Your objective
Lines from the one with "Started the weekend" through the end of the listing below should be set down exactly, with no other line included.

== Stored data

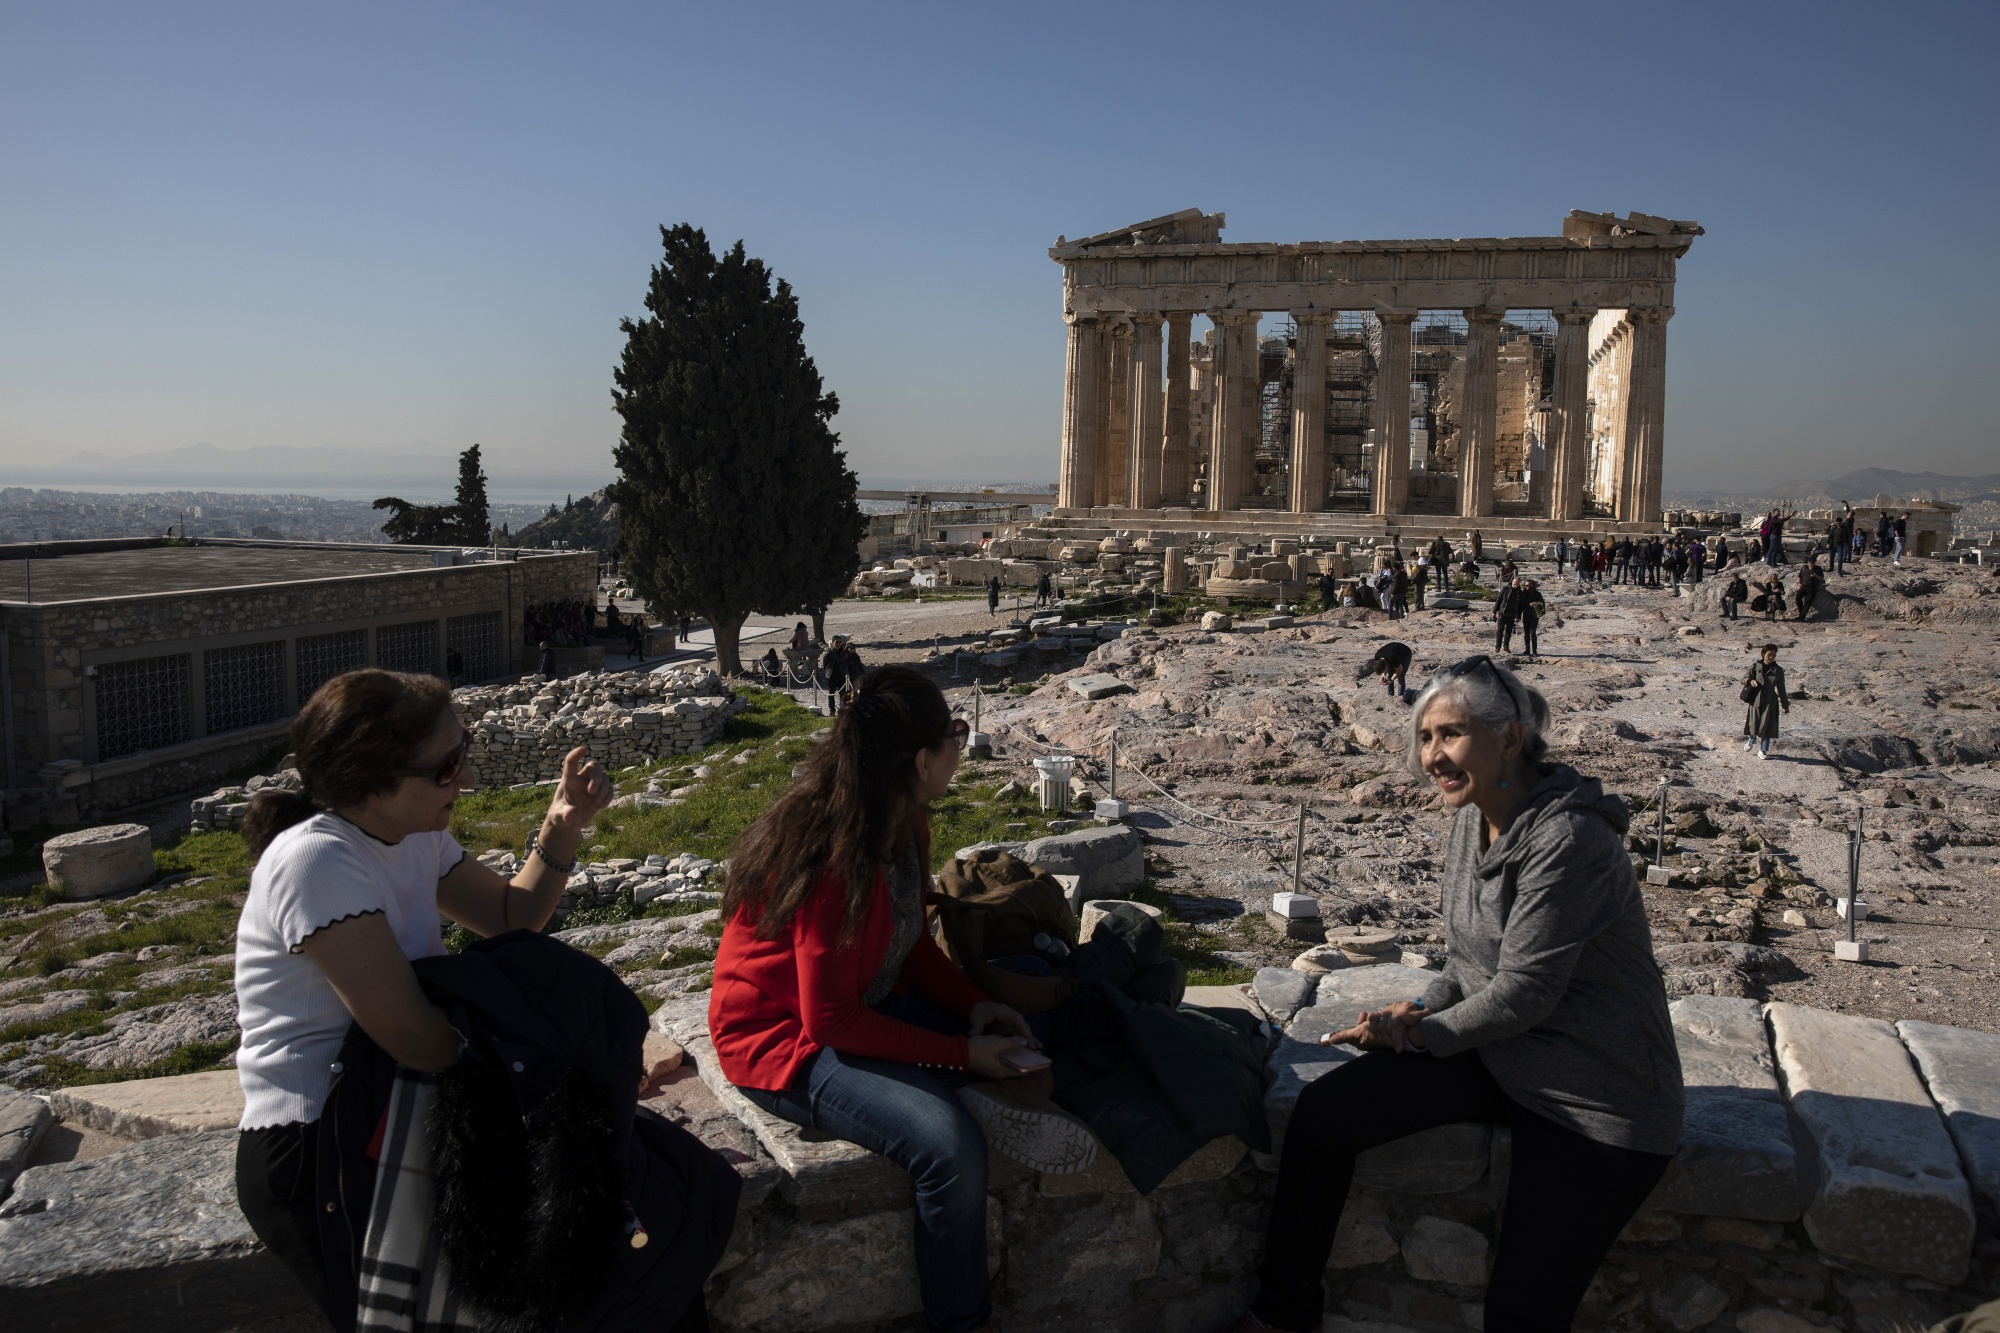 Tourists sit in front of the Parthenon temple on Acropolis Hill in Athens.
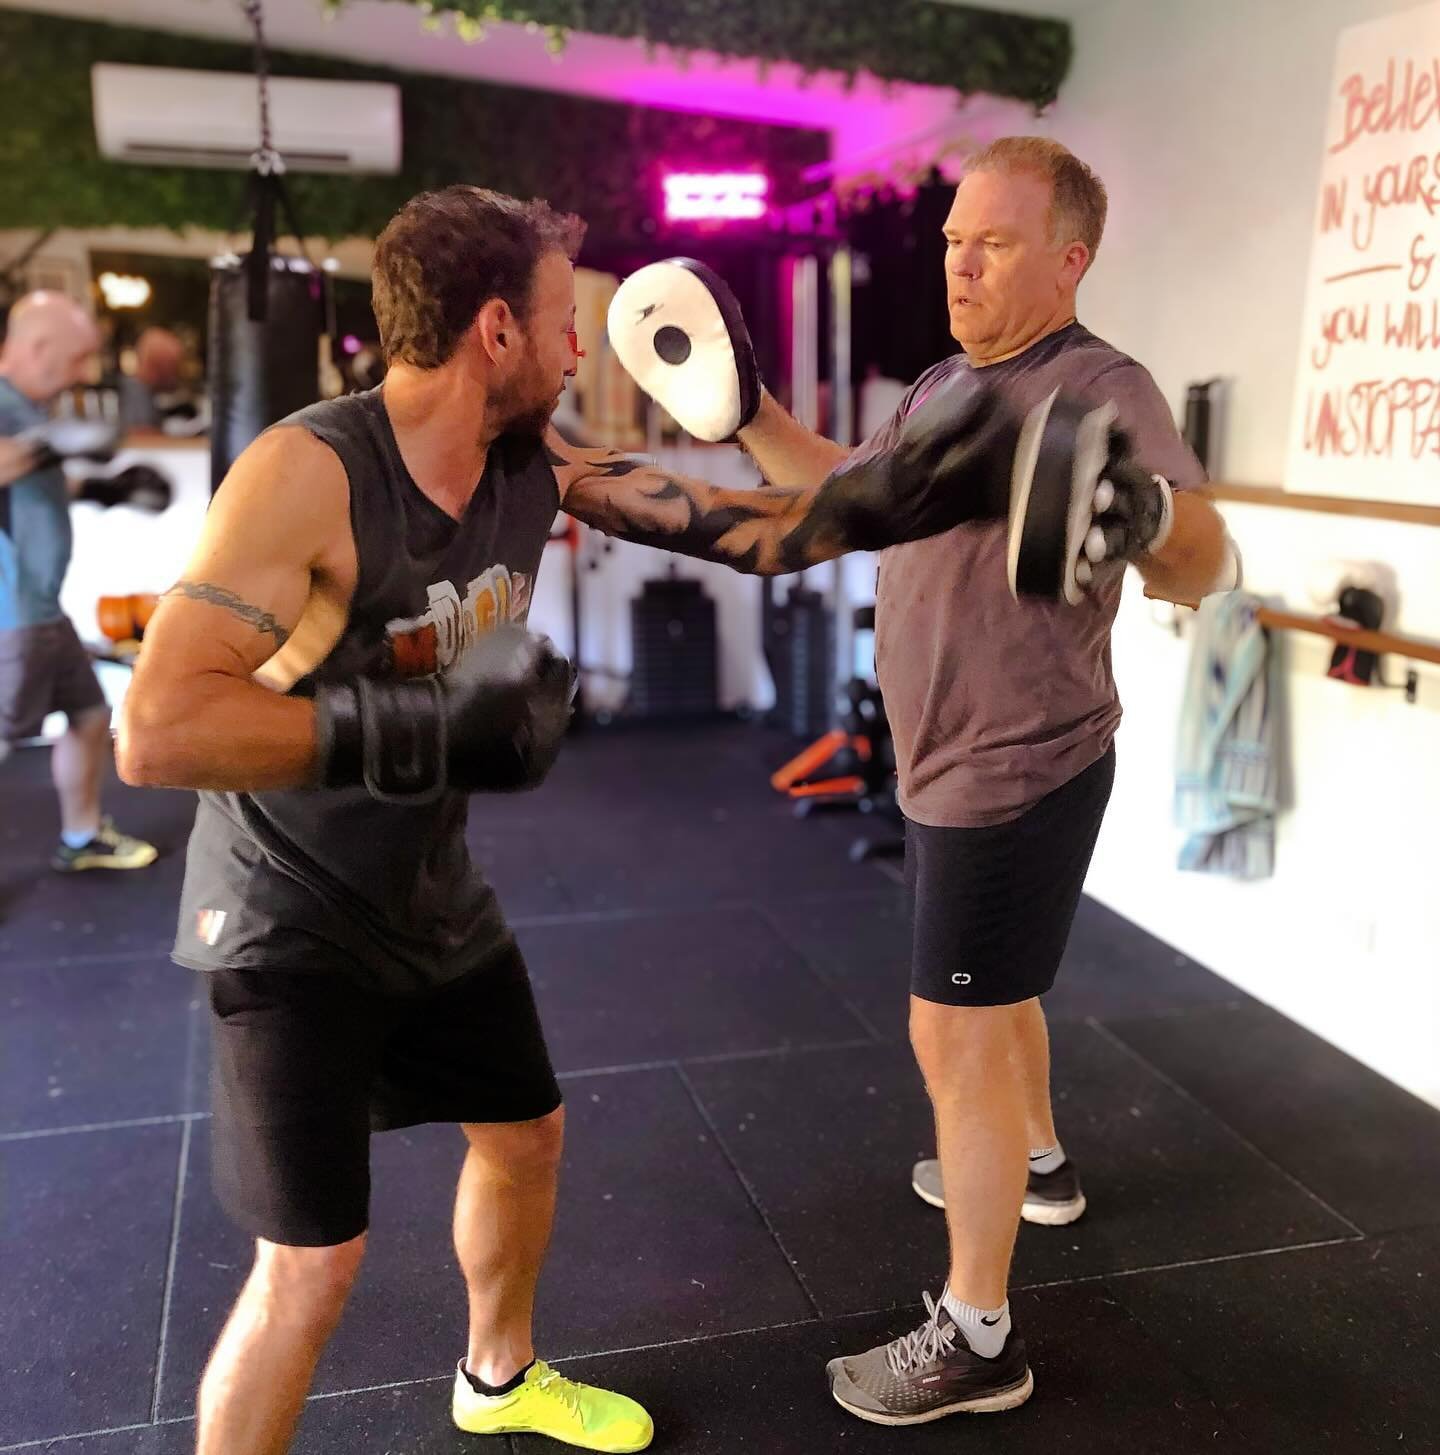 Do Saturdays get any better than this 🥊🥊

Started the weekend with an awesome boxing session, smashing out a workout and have a great time while doing it

- Muscle and Mates Class (only mens group) only for $58

====

Expected answer
Started the weekend with an awesome boxing session, smashing out a workout and have a great time while doing it

- Muscle and Mates Class (only mens group) only for $58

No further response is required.